Good thing I already have an awesome single on the 7m. I've done the research. The 2j is not much if any more difficult to put in. It would be a little more expensive.. BUT.. that is made up for with how rock solid a platform the 2j is. 1j is just simply meh in comparison. Other than cost, it really has no advantages over the 2j.


My afore mentioned hillbilly air compressor test would show a warped valve or bad head gasket as well but low compression and oil smoke is most likely a ring related problem or small chance of a bent valve.

It's actually hard to tell how much oil is in the exhaust due to all the fuel from how rich it is. I don't have an air compressor anyway. Doesn't show any signs of headgasket (and I'd hope not, had done it recently before all this with ARPs and checked their torque a few times). I was hoping maybe valve (although I had recently had those out for new seals too) but it doesn't sound like these results leave that possibility on the table.

85gtsblackman
06-22-2010, 08:31 AM
id vote build a nasty but relible 7m, or swap a 1uzfe. it can be done, and it can make about the same of not more power than a jz. oh and ive ridden in a 600+ whp 7m, it was insane and the same long block has done fine since a rebild 5 years or so ago.

T-spoon
06-22-2010, 06:10 PM
Yeah.. I had the supporting mods for 600ish just didn't get a chance to turn up the boost. The problem is, I'm not sure what would have caused the current failure. The only thing that happened to it around the time the problem appeared was the massive oil overfill that blew the front main. I wouldn't have thought that would kill rings though and on just the one cylinder.. it's strange. It just makes me wary of messing with the 7m more :wacko:

Mafix
06-22-2010, 06:43 PM
you own a 7m. was there ever a doubt that this would happen?
i would double check the head bolt torque if they were never re-torqued.

T-spoon
06-22-2010, 08:23 PM
you own a 7m. was there ever a doubt that this would happen?
i would double check the head bolt torque if they were never re-torqued.
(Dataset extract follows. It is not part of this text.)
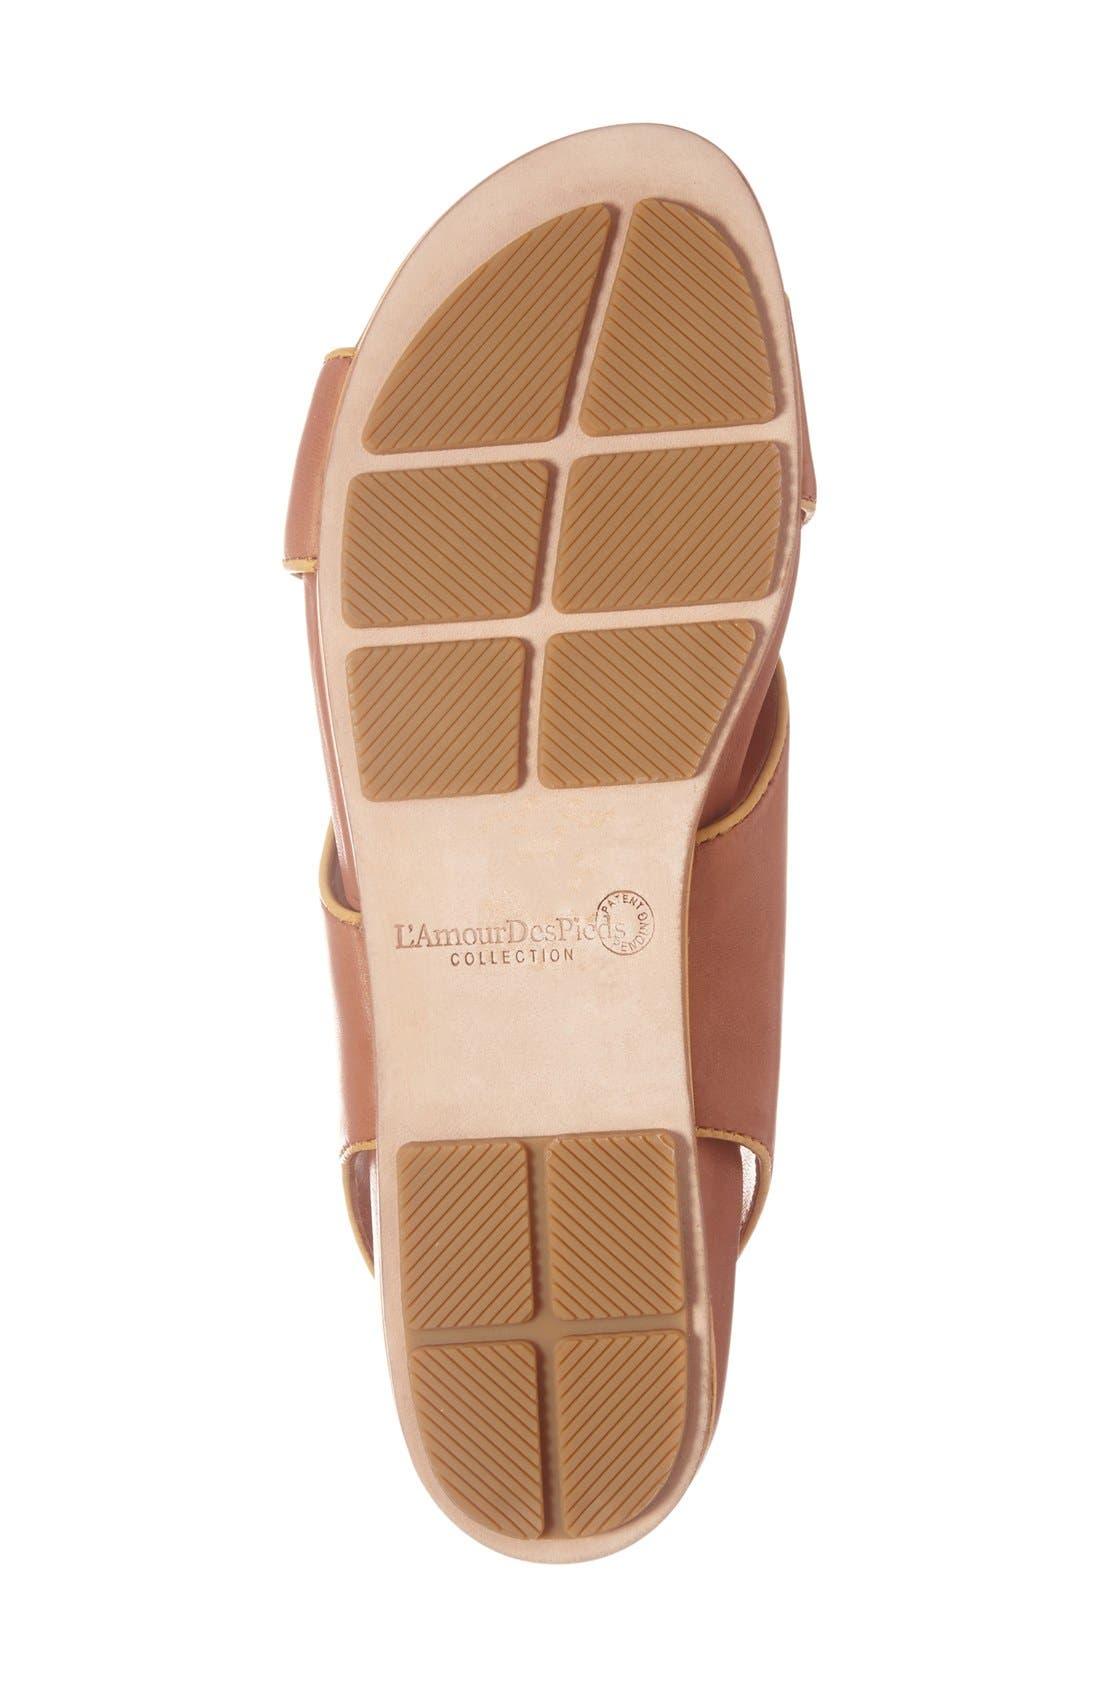 'Dallon' Crisscross Flat Sandal,                             Alternate thumbnail 4, color,                             Cognac Leather

re-torqued at like 250-500-1000 miles or so after I put the new head gasket in. But.. looks like I'll be taking things apart, so I'll probably check anyway even though nothing else is pointing at head gasket right now.

It never had a blown headgasket btw, I just had to take the head off to have a spot on the head repaired where a friend tried to drill out a broken stud and got a little sideways with the drill.

Mafix
06-23-2010, 05:11 PM
yeah it sucks when stuff goes a-stray like this but i always use it for an excuse to build bigger and better.

T-spoon
06-28-2010, 11:17 PM
I just rechecked the torque on the head studs for kicks. There were 1 or 2 that were maybe a couple ft/lbs low (did them all to 75 which is the commonly accepted thing to do with 7Ms, factory is like 45.. lol). Interestingly none of the very slightly low ones were around cylinder 3. I checked compression again and consistantly #3 now hits 110. The others are still 150. This strikes me as peculiar. Is this somehow indicating that it could in fact be the HG in such a way that doesn't mix the oil and coolant and has compression go up with a wet test? I just find it really odd that very minor changes in the head torque would gain dry compression, but I didn't change anything else.

rizin
06-29-2010, 01:52 AM
My buddys evo had a crack running the center of the piston and is tested the same as what you are showing. Supposibly this is something common on stock pistons for them. So I guess you never know untill you are in there.